CHAPTER FOURTEEN
Tommy
AND THAT, BOYS AND GIRLS, is how I become a stalker.
It starts with the path Abby takes to ride her bicycle to the hospital in the morning. I hang around, stationed in the shadows of an alley along the route, just to glimpse her as she passes. A few times a week, at night, I wait across from her flat until the light goes on inside—so I know she’s home safely.
When it’s too cold and icy for her bike, I sit sentry in an alcove at her Tube station. Sometimes I see her there, looking beautiful but tired, maybe even a bit sad—though that could be my stupidly hopeful, James-Blunt-listening, stalkering imagination running wild. Some days, I don’t spot her at all.
But she never sees me. I make sure of it.
I know it’s stupid and pathetic . . . I just can’t seem to make myself stop.
Until one night, a few weeks later, when my sister Janey comes by my place and corners me. For an intervention.
Janey’s the only one in my family who knows that Abby Haddock exists. The only one who knows me well enough to understand that while I said all the right things when I first told her about Abby—that it was casual and no-strings, a fuck of convenience—the fact that I was saying anything at all already meant it was more.
My sister’s eyes are a hard, impenetrable wall of light green, without a speck of sympathy. And that’s good. Because right now, I’m just barely holding it together—I don’t think I could handle her pity.
“Why her?” Janey asks me. “What is it about this girl that you can’t shake off?”
It’s a good question. One I’ve asked myself more than once. What is it about a person that hooks the heart and keeps you tied to them even after they’ve walked away?
And the answer is . . . I don’t know.
It’s not just one identifiable thing. It’s everything—Abby’s beauty and intelligence and her refined demeanor. It’s her heat and her heart and the vulnerability that she hides so desperately . . . that she’s only showed to me.
And it’s because at some point, all the parts that make her up—the frustrating fractures and the shy, sweet tender bits . . . it felt like she became mine.
Mine to protect and cherish, to lead and to follow.
And I really fucking liked feeling like Abby Haddock belonged to me.
“You have to let it go, Tommy. She’s done with you—that’s what she said. She hasn’t reached out . . . you have to move on.”
I give my sister a nod. And from that point on, I give it a go.
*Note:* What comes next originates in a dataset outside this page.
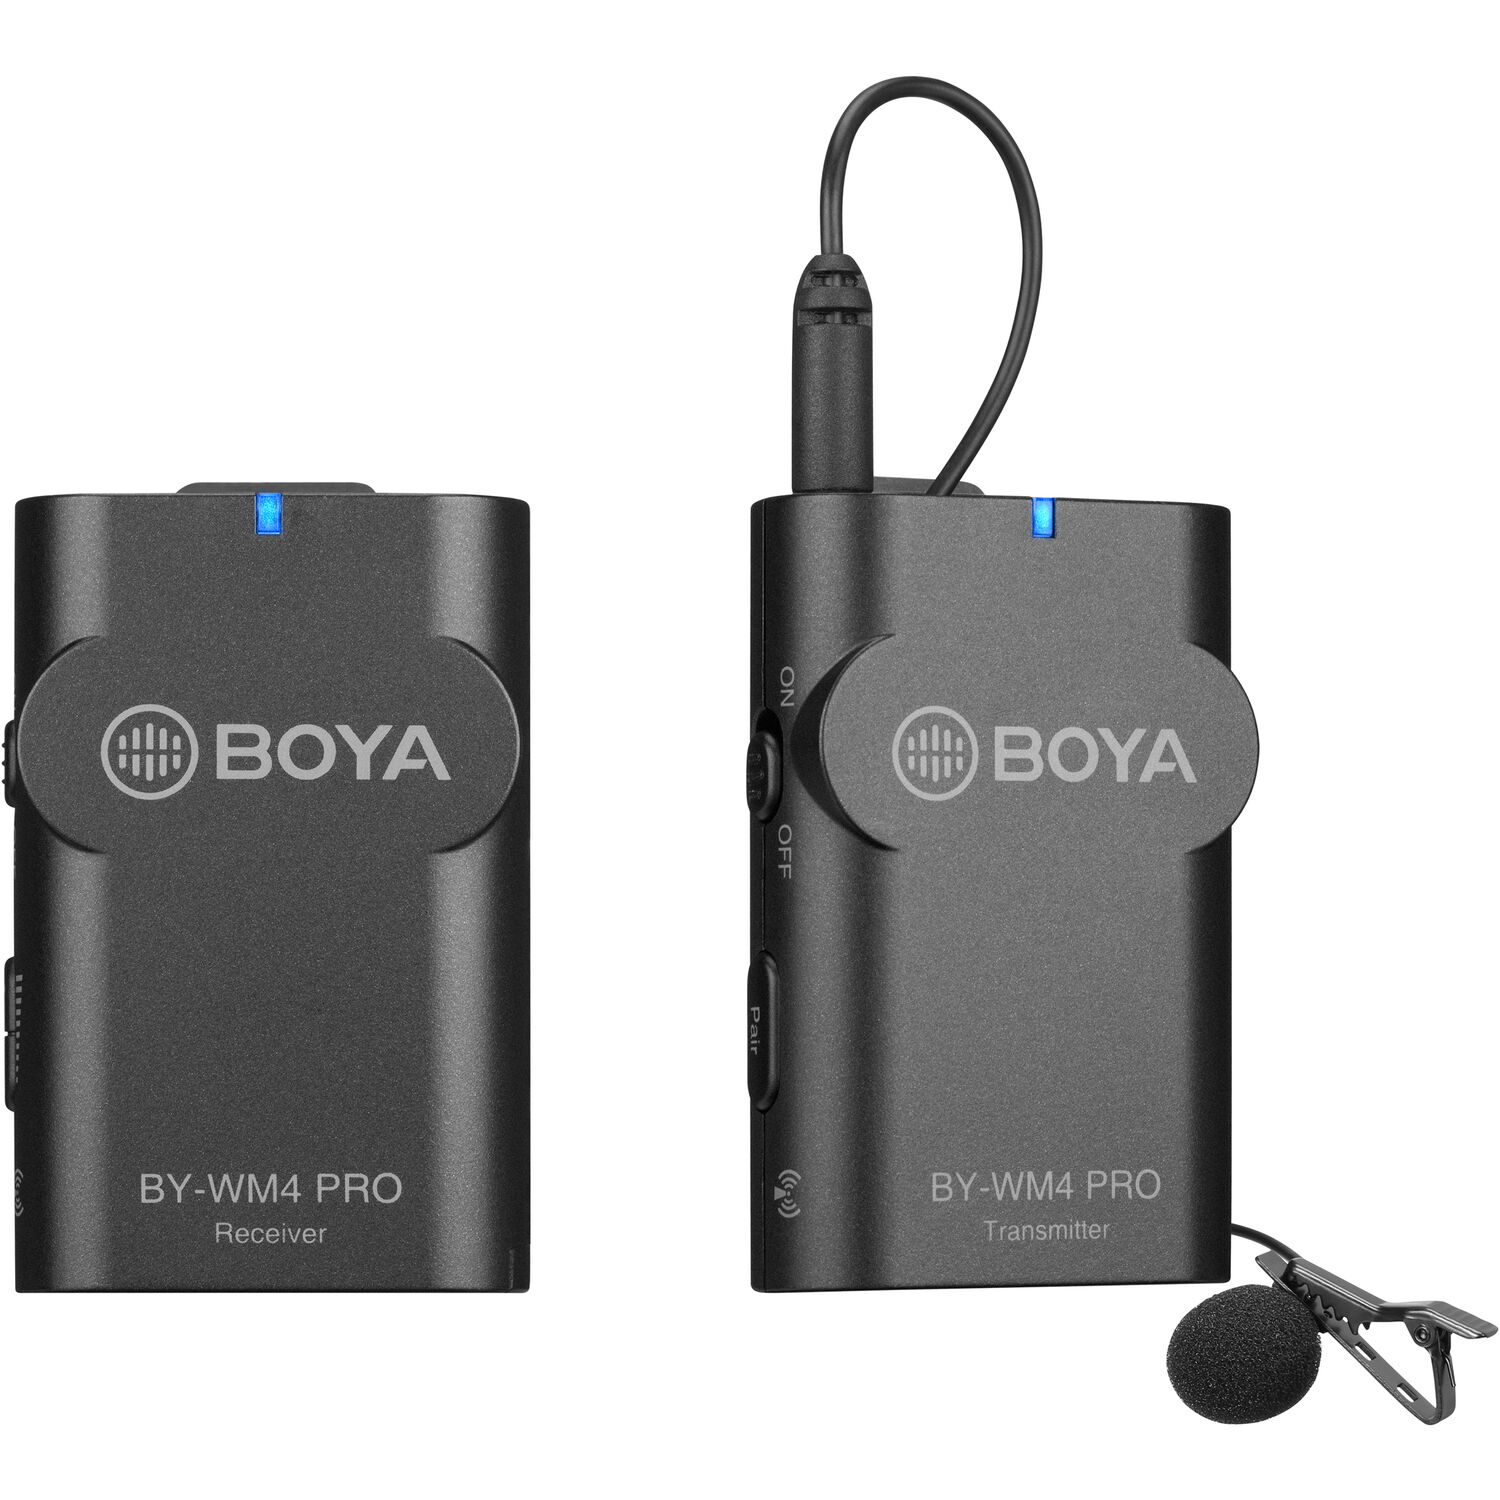 Boya BY-WM4 Pro-K1 Wireless Microphone ไมโครโฟนไร้สาย แบบไมค์เดี่ยว ใช้ได้ทั้งกล้องและมือถือ

I stop checking my phone like a lovesick twat every ten minutes. I stop finding excuses to venture toward Abby’s side of town. I throw myself into work—signing up to guard a Wessconian banker traveling to Dubai for a month, and when I come back, picking up extra hours from Winston guarding at the palace. When I’m not sleeping, I’m working—moving—training the new hires to be extra thorough, completing projects around the shop, staying busy every second of every day.
On the outside I’m all me—cracking jokes, drinking, laughing—all the things I did before.
I start smoking again, and it feels bloody good.
And maybe . . . a bit spiteful.
But inside, in my head, late at night when the quiet wraps its hands around me and strangles—I’m still stuck on her. That doesn’t really change.
I think about her, picture her, dream of her—the vibrant silk of her hair, the sharpness of her eyes, the “O” of her pretty mouth when I made her moan and gasp. I toss off to the memory of that sound—the feel of her surrounding me, tight and wet and perfect.
I wonder where she is and what she’s up to. I worry that she’s sad or lonely . . . and I worry that she’s not. I’m able to concentrate on work, focus when I need to—but Abby’s always there in the background.
The white noise of my life.
And the cavern where my heart beats—that doesn’t change either. It drowns in the same hollowed-out, gutted sensation, every bit as fresh and empty as the day I forced my feet to walk away from her door. The awful ache doesn’t ease, and it doesn’t mend.
And after the days drag into weeks, and the weeks blend into months—I start to believe it never will.
* * *
“Hey, Tommy—that girl over there is looking at you.”
Willis is our newest hire. He’s a good lad—tough, loyal—if a little on the dense side. It’s Saturday night and we’re all at Katy’s Pub, drinking to him completing his training this week.
I glance over my shoulder at a dark-haired vixen with a heart-shaped red mouth giving me the eyes. And it’s like my whole body just sort of . . . shrugs . . . without a scrap of interest.